Я сразу почувствовал, насколько близка мне его поэзия. Потом я попытался ее определить, говорил о народности, ссылался на Некрасова. За статью меня обругали. Может быть, я и не сумел выразить того, что хотел. Слуцкий никогда не писал ни о своей любви к женщине, ни о природе — его муза была связисткой на фронте, пахала на корове, таскала камни на стройке. Вскоре после смерти Сталина он прочитал мне:
Эпоха зрелищ кончена,пришла эпоха хлеба.Перекур объявлен у штурмовавших небо.
Никогда прежде я не думал, что смогу разговаривать с человеком, который на тридцать лет моложе меня, как со своим сверстником; оказалось, что это возможно. Помогло, наверно, и то, что я подружился со Слуцким еще до «перекура».
Чужие стихи помогали мне — поэзия жила (порой, как некогда, устная). Однако та незримая река, о которой я говорил, была куда полноводнее в жизни.
В начале 1950 года меня выбрали депутатом в Совет Национальностей от одного из округов Риги. На предвыборных собраниях говорили по-латышски; девушки подносили мне цветы — белые каллы, будто сделанные из материи, и делали при этом книксен. Избиратели ко мне обращались редко: они жили в столице республики и с претензиями или жалобами шли к местным депутатам. Год спустя меня выбрали в Верховиый Совет РСФСР от города Энгельса и прилегающих к нему районов. Тут-то я понял, что пост депутата не синекура.

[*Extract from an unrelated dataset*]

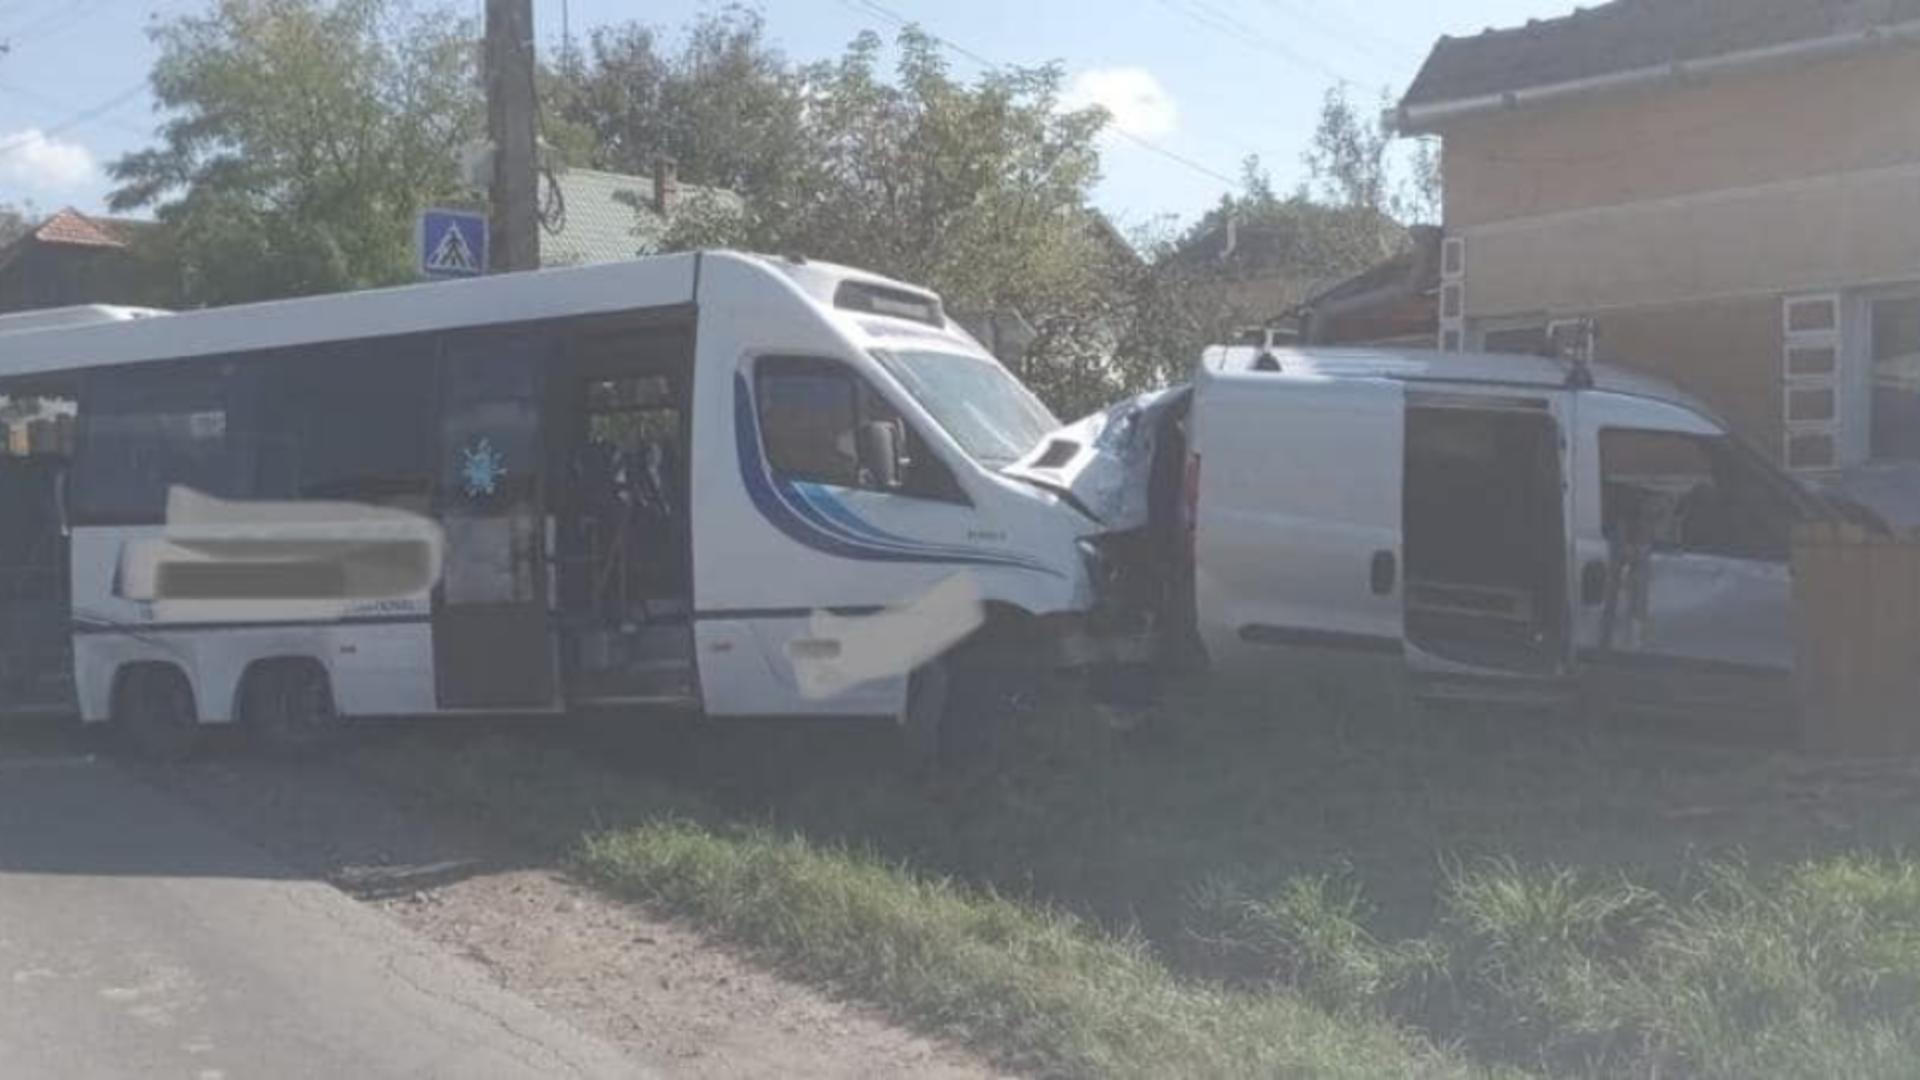 16 oameni sunt răniți, după ce mirobuzul a intrat în autoturism. Foto/ISU Mureș

До войны Энгельс был столицей Автономной республики немцев Поволжья. В городе, в деревнях жили почти исключительно новоселы. Люди не успели приспособиться к новой обстановке: украинцы мерзли зимой, русские проклинали суховей. Я уже говорил, что в тс годы страна, за исключением промышленных центров и некоторых областей с техническими культурами, жила, подтянув кушак. Саратов снабжался лучше Энгельса, но проехать туда поездом было нелегко: зимой дорога шла через Волгу, летом ходили пароходики, а весной и осенью жители Энгельса с тоской глядели на огни Саратова. Местные власти просили меня добиться перевода Энгельса в лучшую категорию по снабжению. Я пытался, но ничего не вышло. Зато я достал санитарные машины; министр меня принял, может быть из любопытства, — как-никак писатель, он говорил о литературе, а я твердо решил не уходить, пока не получу машин. Энгельс — длинный город, тротуаров местами не было, улицы плохо освещались. Я помог раздобыть автобусы. Все это требовало хождения по мукам, то есть по различным министерствам, долгих бесед, терпения. Помог я и библиотеке; в ней оказалось много редких немецких изданий, а русских книг было мало. Я устроил обмен книгами, это тоже было не просто: требовались разрешения различных центров, подписи людей, к которым трудно было прорваться.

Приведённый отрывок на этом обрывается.